В одной из стен есть окно, не большое и не маленькое, - ровно такое, чтобы видеть город, живущий своей жизнью, и кусочек неба, не ощущая желания схватиться за рамы и рвануть их в стороны, освобождая дорогу дыханию ветра. Впрочем, мне не нравится смотреть в это окно. Небо за ним всегда серое, хмурое, будто устало волочащее над таким же серым городом грязные клочковатые облака. Однообразные коробки домов и асфальтовые ленты меж ними, и жнтрубы, трубы, трубы – бесконечные заводские трубы по всему горизонту, полосатые уродливые стволы, выпускающие в пасмурную хмарь серо-желтые клубы дыма. Я ни разу не видел людей на улицах города.
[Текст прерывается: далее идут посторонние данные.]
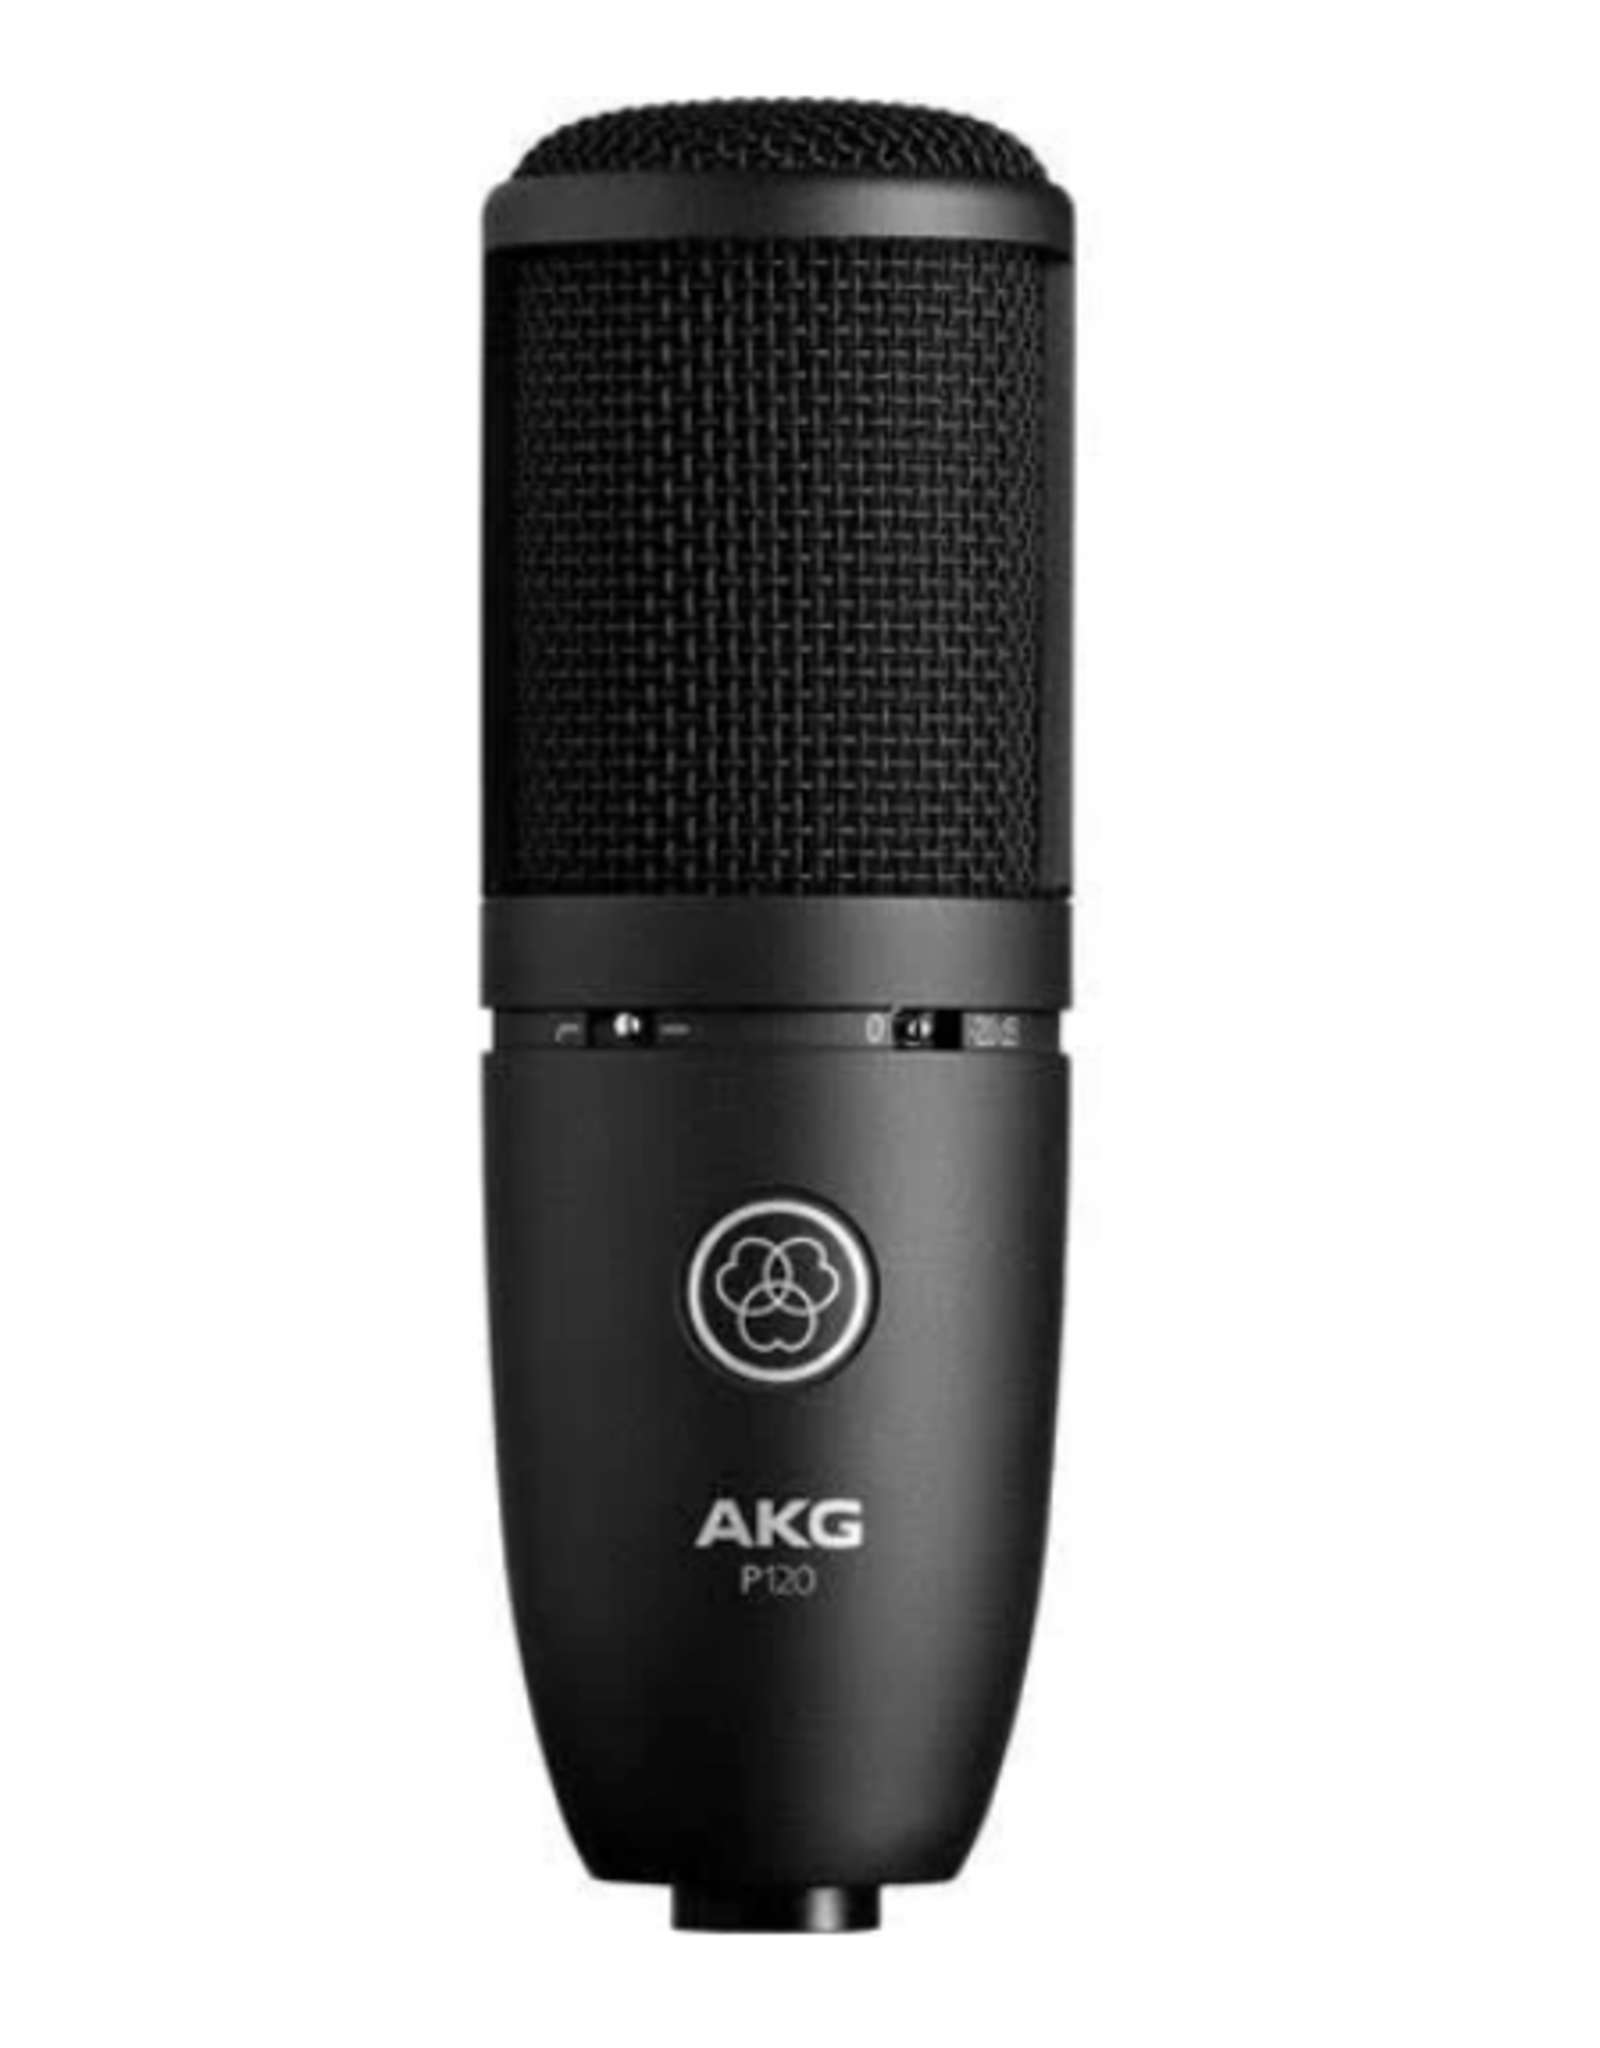 AKG AKG P120 High Performance General Purpose Recording Mic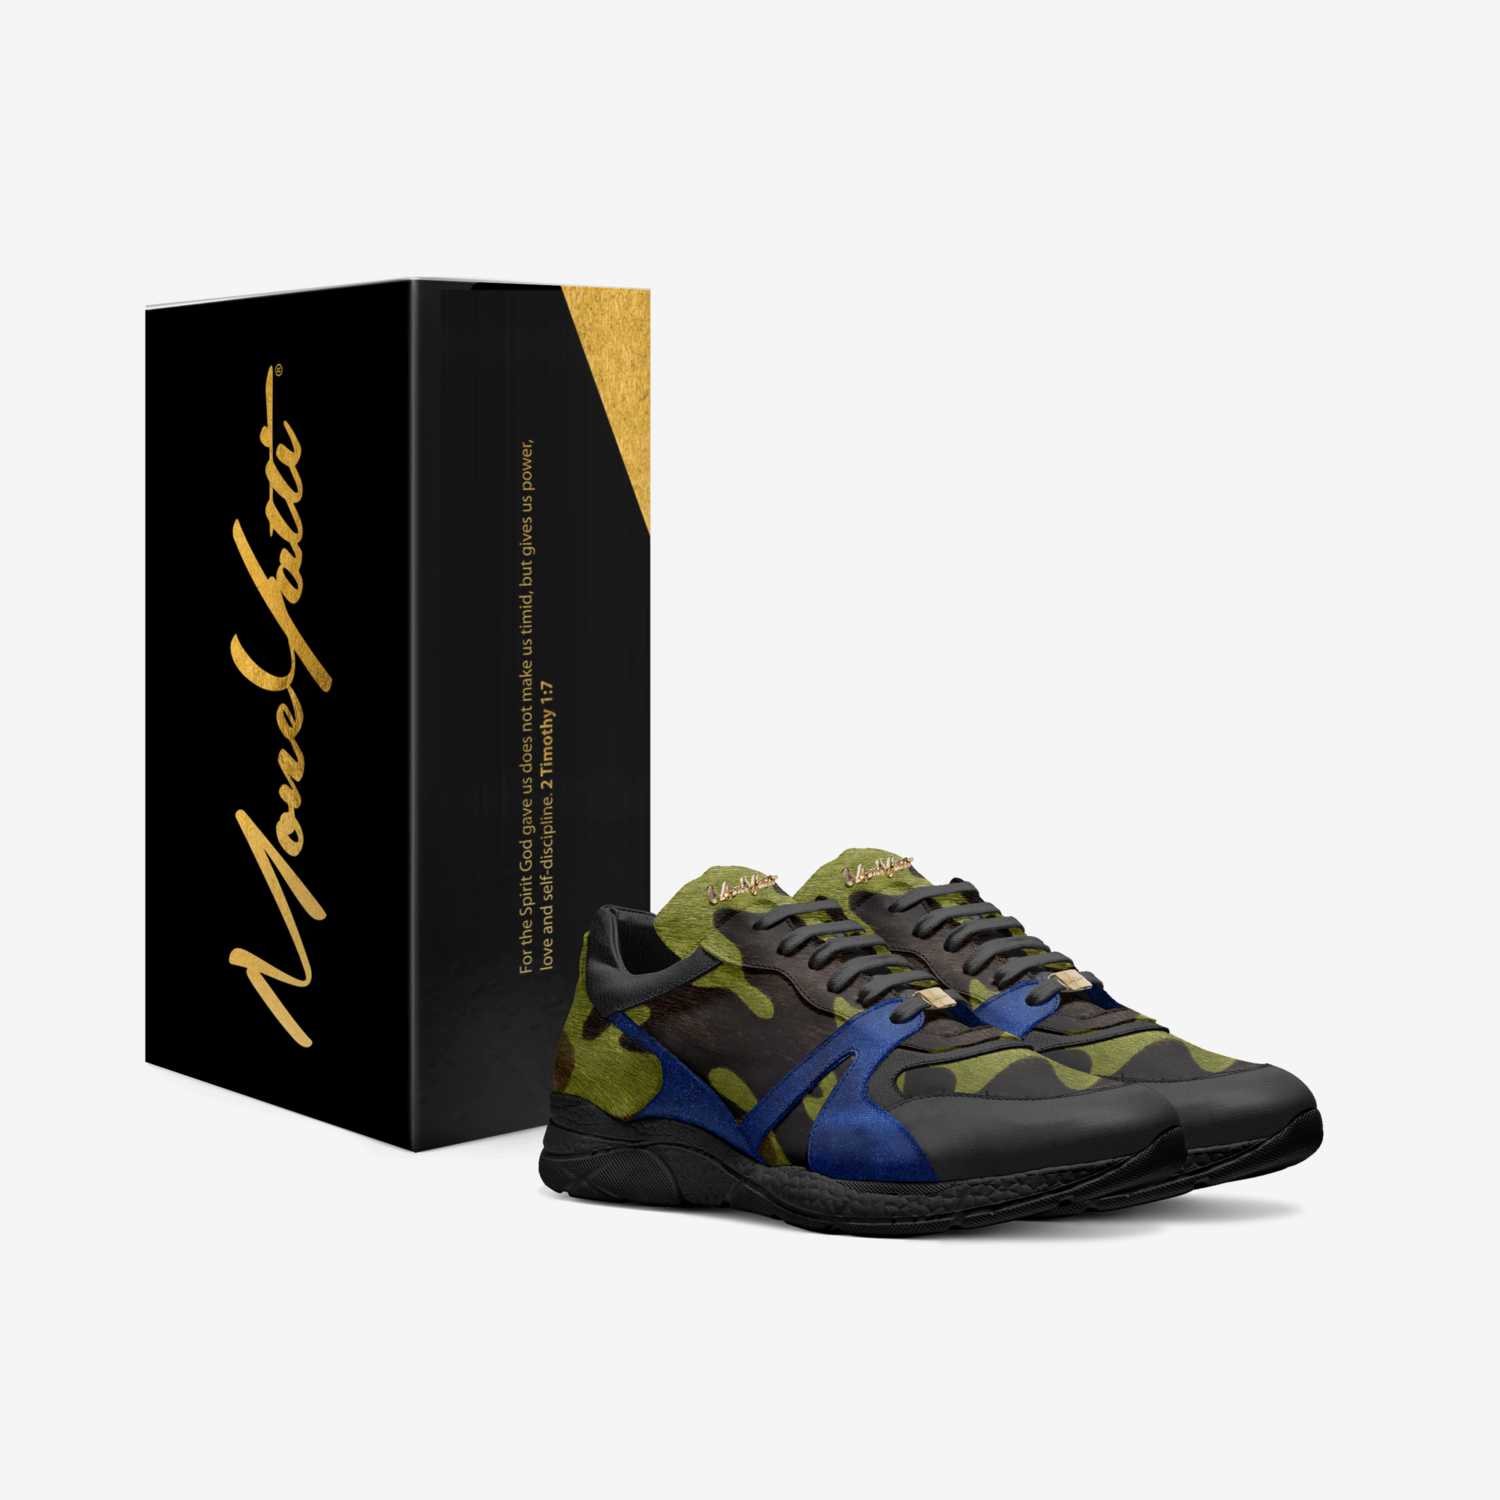 Nem P 52 custom made in Italy shoes by Moneyatti Brand | Box view

Не то чтобы мне хотелось увидеть их – я и без того представляю, как они могли бы выглядеть, но без их присутствия город кажется просто огромным коптящим крематорием, по инерции продолжающим свою работу. Вряд ли это так – скорее всего, они там, внутри приземистых каменных коробок. Трудятся у конвейера уничтожения останков себе подобных - мне сложно представить другое предназначение повсеместных заводов, ведь ничего не меняется в этом сером мире, несмотря на постоянный их прирост. Просто с одной механической ленты выходят странные круглоголовые двуногие существа, проходят к рычагам другого конвейера, утилизируют всходящих на него, а потом, уступая следующему свое место, сами поднимаются на бегущую дорожку.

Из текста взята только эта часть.